Oklahoma Southern Baptist disaster relief volunteers embodied the giving spirit of Christmas once again as the new year dawned, responding to a blizzard which dumped an estimated 12-24 inches of snow on the western half of the Panhandle, Dec. 29.
Baptist General Convention of Oklahoma Disaster Relief Director Sam Porter drove two portable generators to Guymon on New Year’s Eve to help alleviate the widespread loss of power which resulted from the storm. Area officials estimated there were more than 200 power poles down in the Oklahoma Panhandle, Porter said.

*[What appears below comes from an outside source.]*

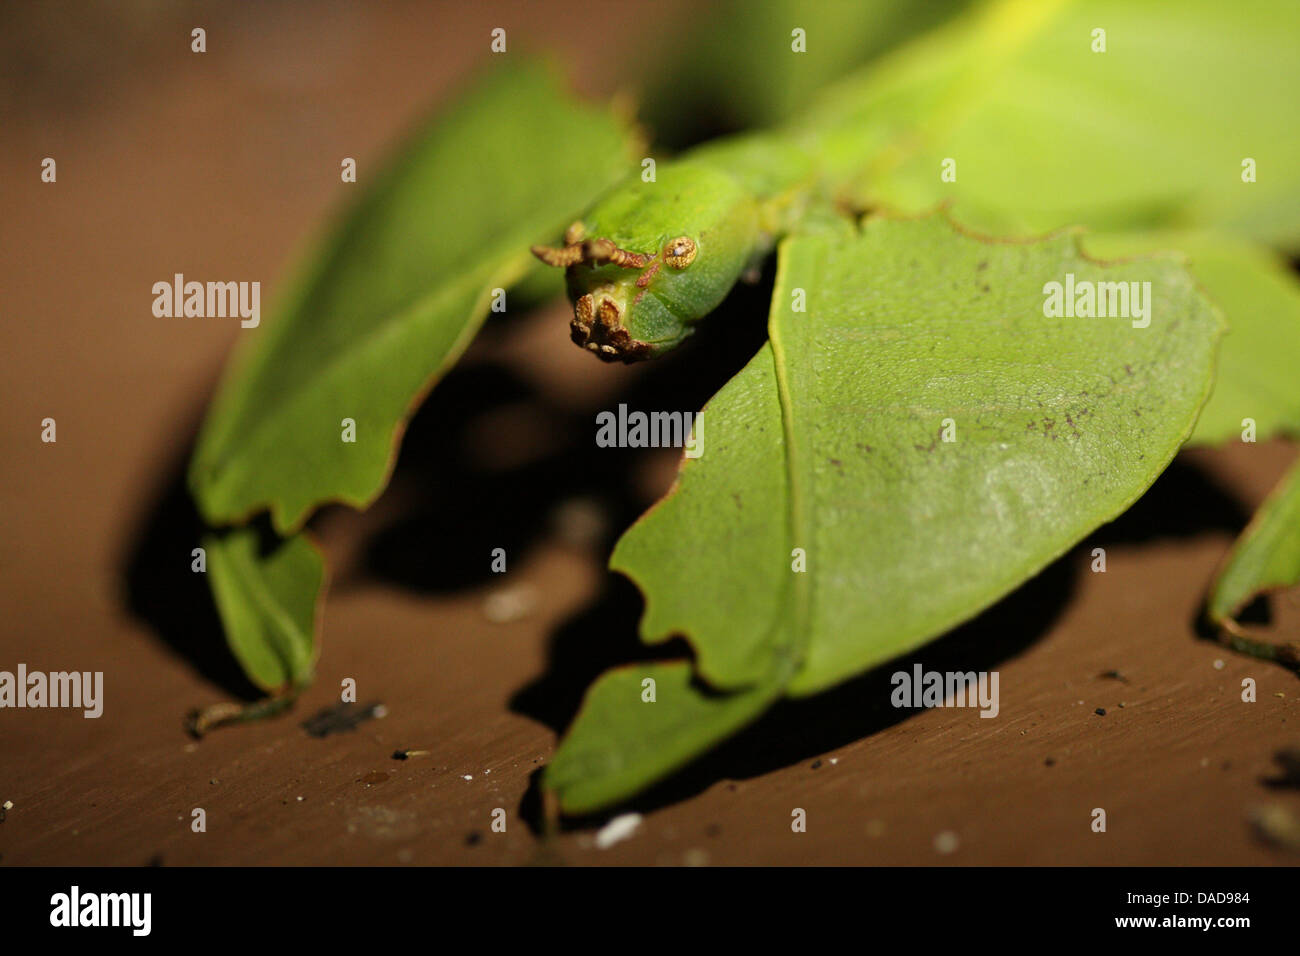 Javan Leaf-Insect, leaf insect (Phyllium bioculatum, Phyllium pulchrifolium), portrait, Malaysia, Sabah, Danum Valley Stock Photo

“Divide the Panhandle in half and everything west of that line was in trouble with loss of power some time,” Porter said. “In talking with the Office of Emergency Management, Southwest Kansas had 2,000 telephone poles on the ground and a few hundred were down in Oklahoma.”
Eleven Panhandle Association disaster relief feeding team volunteers set up a kitchen in the Texas County Activity Center, Dec. 30. The volunteers fed 150 people that day, 800 more on Dec. 31, 900 on Jan. 1 and almost 400 on Jan. 2, said “blue cap” (response leader) Dick Fisher of Hooker. Meals were transported west to towns in the snowed-in area by Red Cross volunteers.
Reached by cell phone Jan. 2, Fisher was enroute to Boise City to deliver a front end loader to help “dig some people out.”
“It’s still a big mess in Cimarron County,” he said. “From Boise City on west it’s still real messy.”
Meanwhile, a feeding team from the BGCO’s NW disaster relief Zone-Enid-Fairview-Woodward area-was putting together a group to relieve the Panhandle feeding team, and a chainsaw crew from the Hydro/Weatherford area was enroute to relieve the Panhandle Association chainsaw team, which was helping to clear broken trees and limbs from property.
The chainsaw crews were in Hooker Jan. 3, clearing the property of Hooker, First and residential properties of debris. Fisher, who is a member of the church, said the crews were scheduled to move on to Guymon that afternoon to work.
Fisher said roadways had pretty much been cleared of debris by Jan. 2, “but there are still a lot of limbs down in Guymon, Goodwell, Texhoma and on back to Hooker toward Hardesty. We were cleaning them up from last week’s ice storm, and then this weekend happened. There are a lot of power lines down across the rural areas,” Fisher said.
Fisher said the Guymon and Hooker area received almost four inches of rain just before the blizzard hit.
“All of that turned into ice Friday afternoon (Dec. 29) and Saturday; then we got two or three inches of snow on top of that,” he said. “Boise City pretty much had snow. We heard reports of 12-24 inches of snow in the western Panhandle in a 24-hour period. That’s a lot of snow for the flatlands.”
The Guymon Daily Herald reported that nearly 400 trucks were stranded in Boise City, along with other travelers, after the huge snowfall. The Disaster News Network reported that at least 12 fatalities-mostly as a result of icy roads-had been attributed to the severe storm, which earlier over the weekend spawned tornadoes in Texas and Louisiana. Thousands of people-including 44,000 in Kansas and an estimated 15,000 in Nebraska-were left without power. The storm once stretched from Mexico to Canada.
Fisher said Jan. 3 conditions were improving in the Oklahoma Panhandle, thanks to clear skies and prevailing sunshine.